IF you have any old pictures you’d like us to publish please hand them into our office at 27 Stewart Street, Milngavie, or e-mail them as a Jpeg attachment, at least 1 MB size, to firstname.lastname@example.org.
Please include details of where and when the picture was taken, what it shows and your contact phone number. If you have any queires phone the editorial team on 0141 956 3533.
100 YEARS AGO - May 24, 1912
A REPORT by Fred Dittmar, the local government board’s medical inspector, on the epidemic of diptheria in Milngavie which started in the autumn of the previous year and had just eased off, was submitted at a meeting of Milngavie Town Council. This report was presented with another on the general sanitary administration of the burgh and Dr Dittmar’s general conclusions were - the diptheria epidemic was fairly widespread involving as many as 80 cases. It was very mild with a low death rate of 2.5 per cent and mainly among school children and mainly in the infant classes.

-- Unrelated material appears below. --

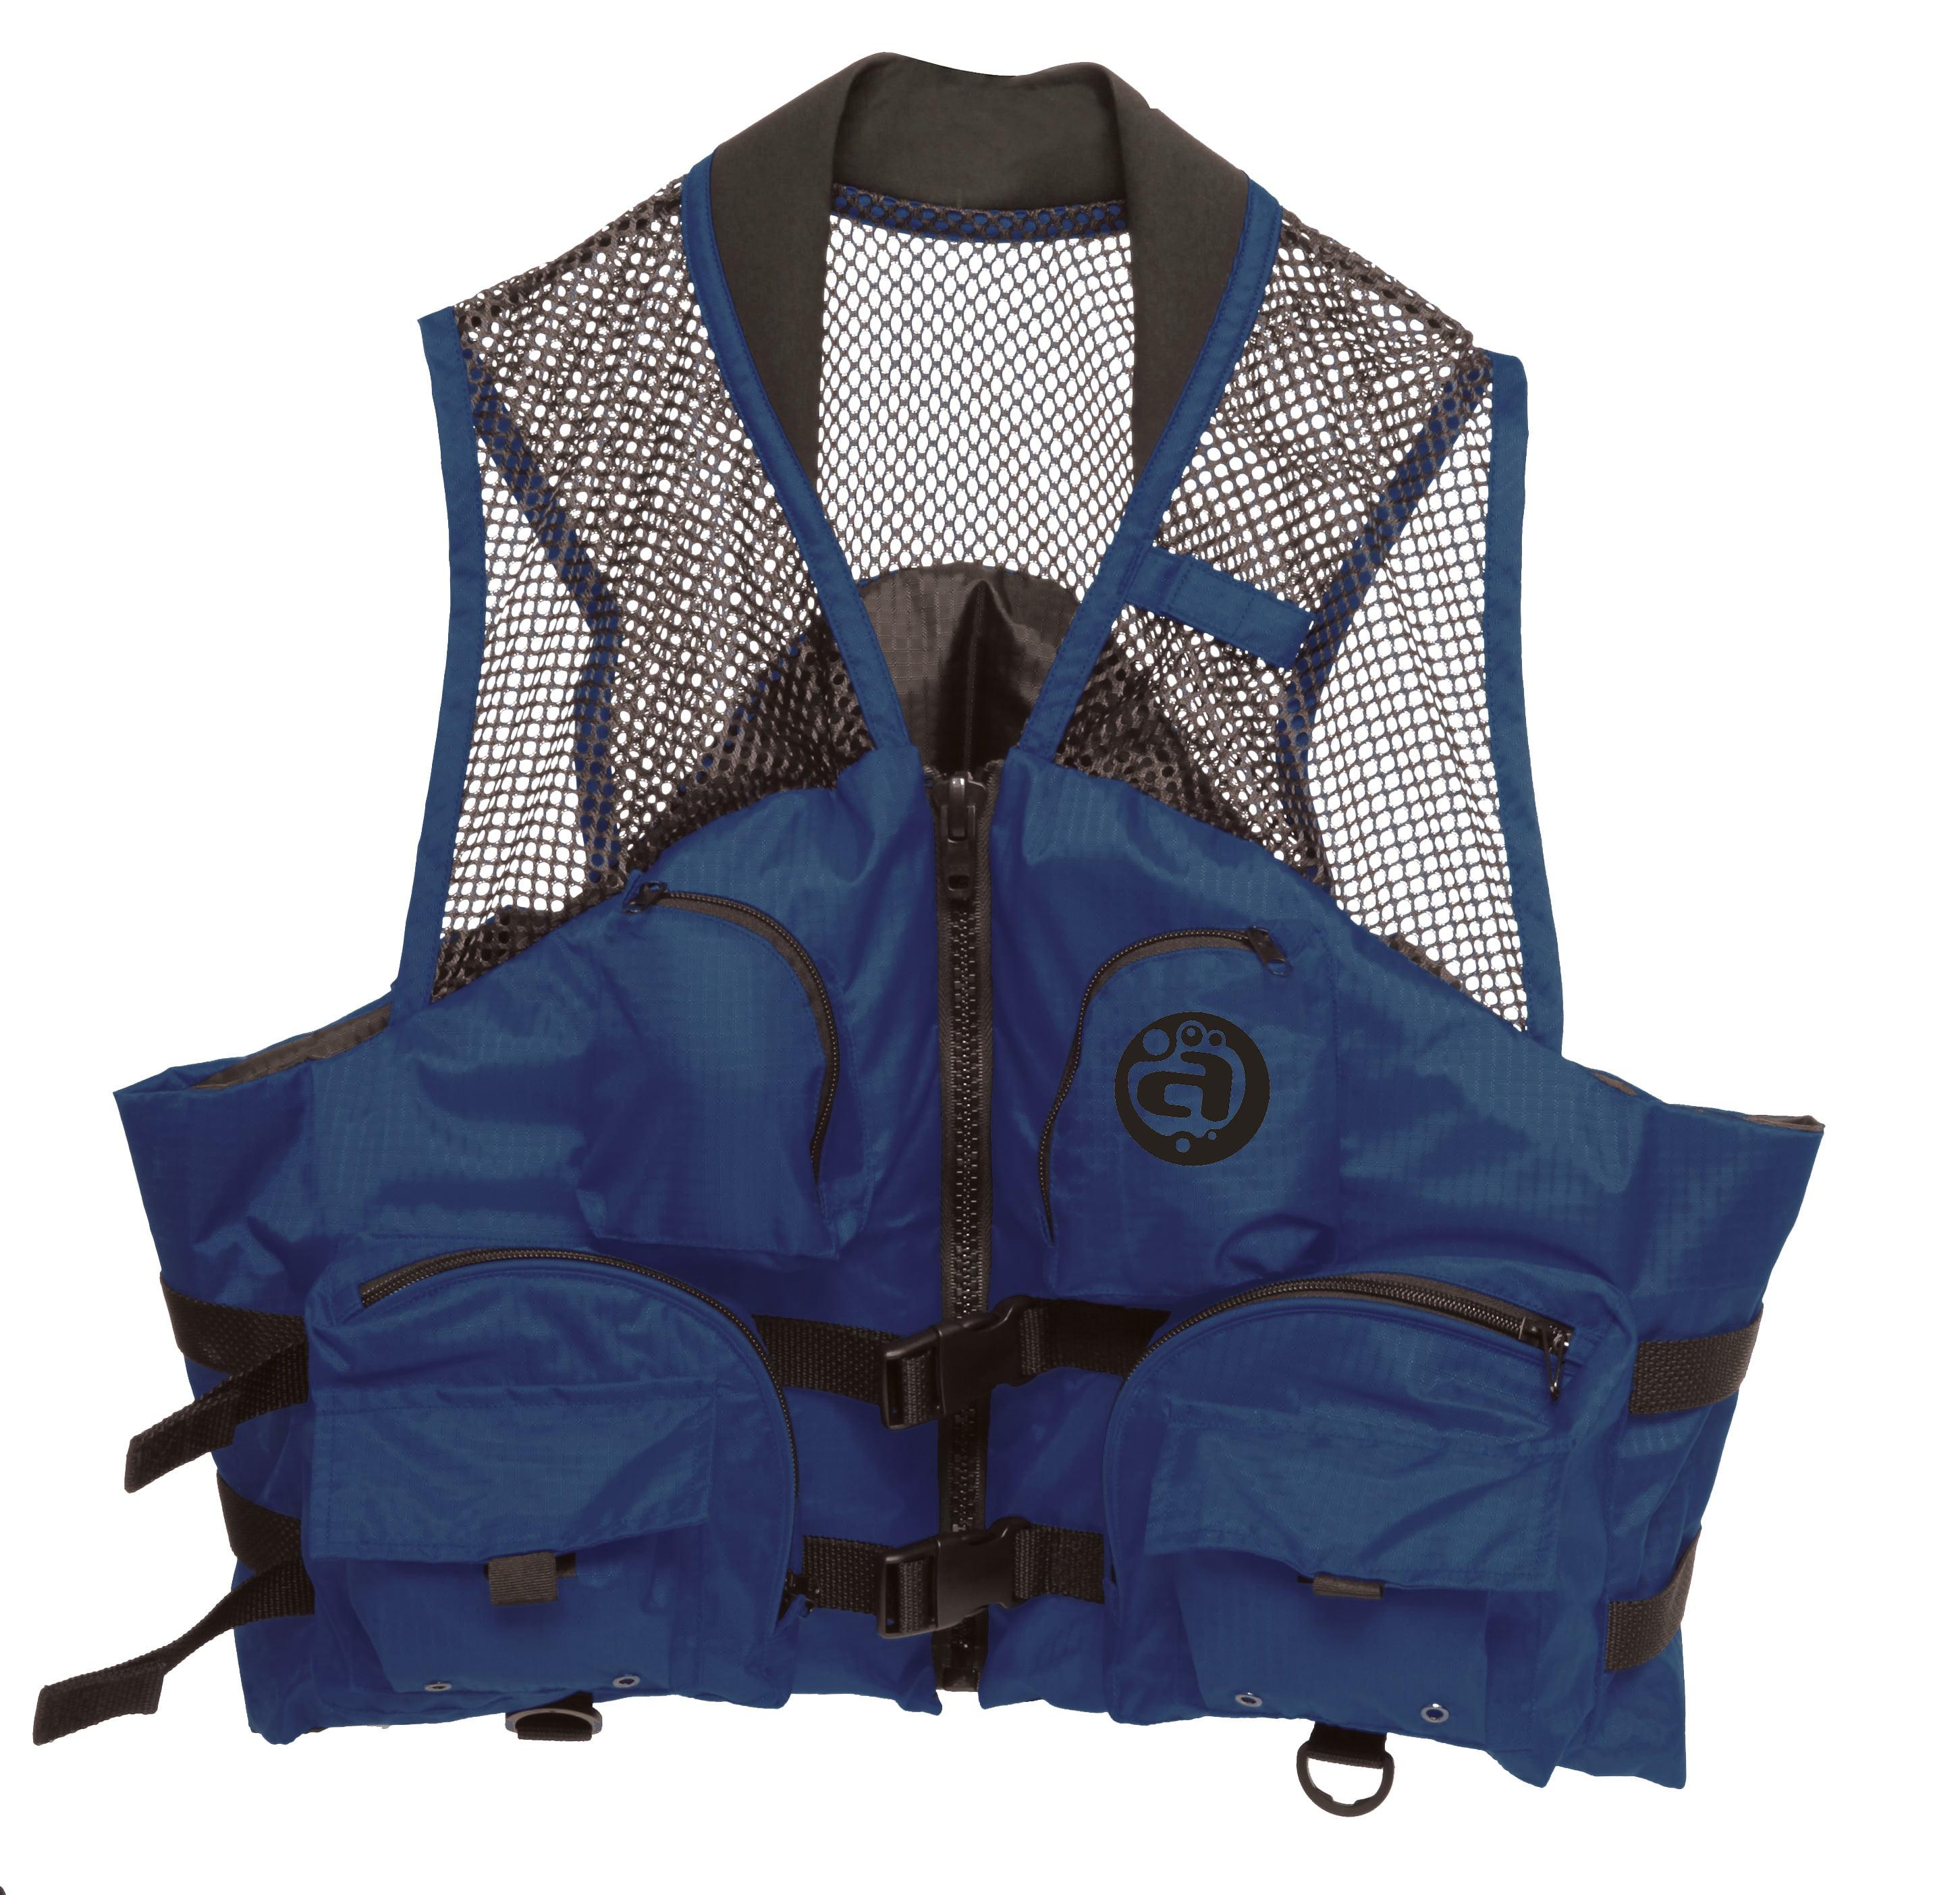 Deluxe Mesh Top Fishing Vest, XS, Navy

THERE were only going to be two performances at Milngavie Picture Palace during the week because the Wednesday evening showings had been discontinued. “A most attractive programme was to be presented”, including The Gringo Mine, The Transformation of Mike, At the Hour of Three, The Mate of the Alden Besse and four others.
75 YEARS AGO - May 22, 1937
A MILNGAVIE lady made a lucky discovery. She bought a tin of peas at a grocer’s shop, and after boiling the tin was preparing to dish up the peas for dinner when a ring fell out on to the plate. After she had cleaned it she discovered it was real gold set with three diamonds.
OVER 50 babies were entered into Milngavie Townswomen’s Guild Baby Show which was held in the British Legion Hall on Saturday to celebrate the Coronation. The judges were Dr Pirrie and Mrs Cathcart, Glasgow, and an interested spectator was Mrs Nodwell, president of the West of Scotland Federation of Townwomen’s Guilds. The premier award (a silver porringer and spoon) for the best baby in the show was awarded to May McCann, 9 Woodlands Street, who was aged one and a half and two years old. Each child, other than the prizewinners, received a gift.
50 YEARS OLD - May 25, 1962
PRINCESS MARGARET, the Countess of Snowdon, and her husband, the Earl of Snowdon, were going to make the first Royal visit to Bearsden on Thursday, May 31. They were expected to enter the Burgh by Switchback Road via Macfarlane Road and Milngavie Road and arrive at the new Municipal Buildings at about 10.15am. Members of the public were going to be admitted to the grounds on the Boclair Road side of the north carriageway of the buildings. School children were going to be in allocated places in the grounds of Hillfoot Residential School and lining the route in Milngavie Road.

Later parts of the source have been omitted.